Component Diagram
Last updated
Last updated
The Program User Info service is constructed upon the framework of Flink, Kafka and Cassandra, a powerful approach for processing and managing data in a scalable and real-time manner.
Apache Kafka is a distributed event streaming platform that is designed for handling high volumes of real-time data. In this service Kafka produces user information as an event of type JSON.
Apache Flink is a stream processing framework that provides high-throughput, low-latency, and exactly-once processing of streaming data. Flink consumes the event from Kafka and flattens the JSON. This process involves taking nested JSON structures and transforming them into a simpler, one-level structure where all the fields are at the top level.
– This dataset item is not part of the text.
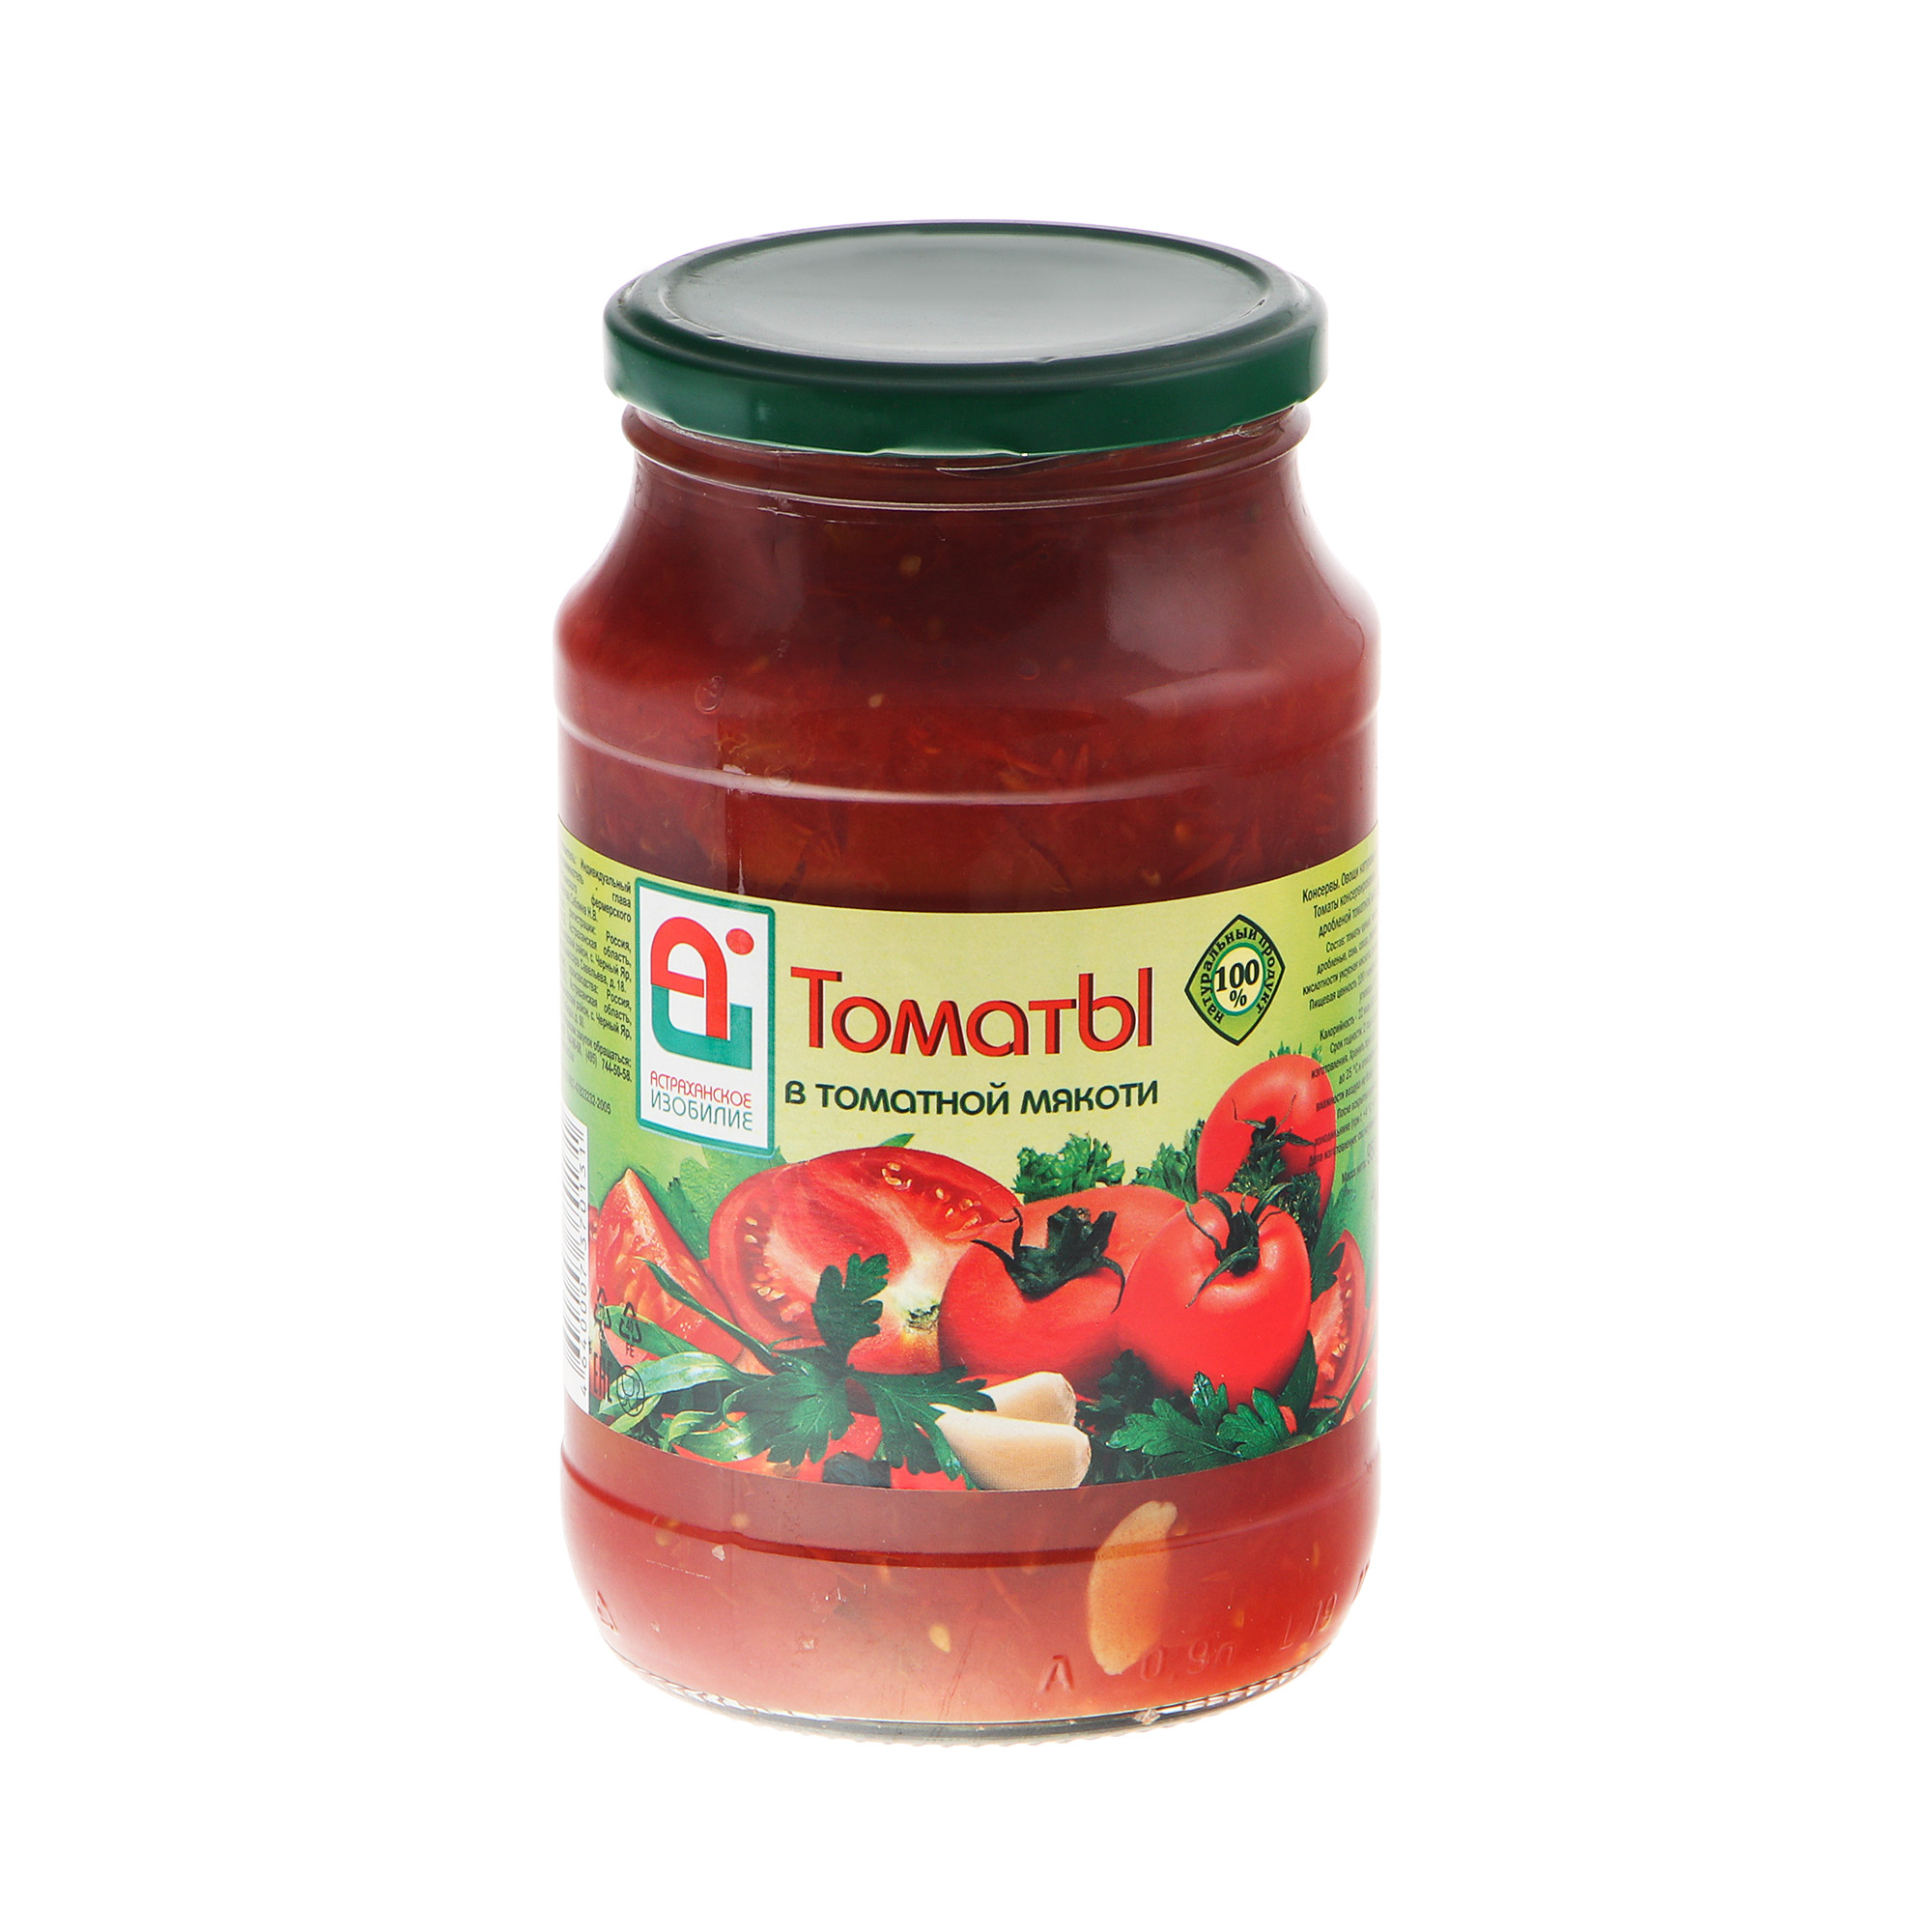 Томаты Астраханское Изобилие в мякоти 950 г томаты маринованные астраханское изобилие со сладким перцем 900 г

Apache Cassandra is a distributed NoSQL database that is designed to handle massive amounts of data across many commodity servers, ensuring high availability and fault tolerance. Once the data is flattened it will be stored in Cassandra database.
Configuration variables:
Variable | Default Value | Purpose |
---|---|---|
kafka.input.topic | {{env}}.programuser.info | Kafka topic from which messages/events are read to be processed. |
kafka.groupId | {{env}}-programuser-group | Kafka input topic group Id |
ml-cassandra.keyspace | sunbird_programs | Cassandra keyspace name |
ml-cassandra.table | program_enrollment | Cassandra table used to store user data |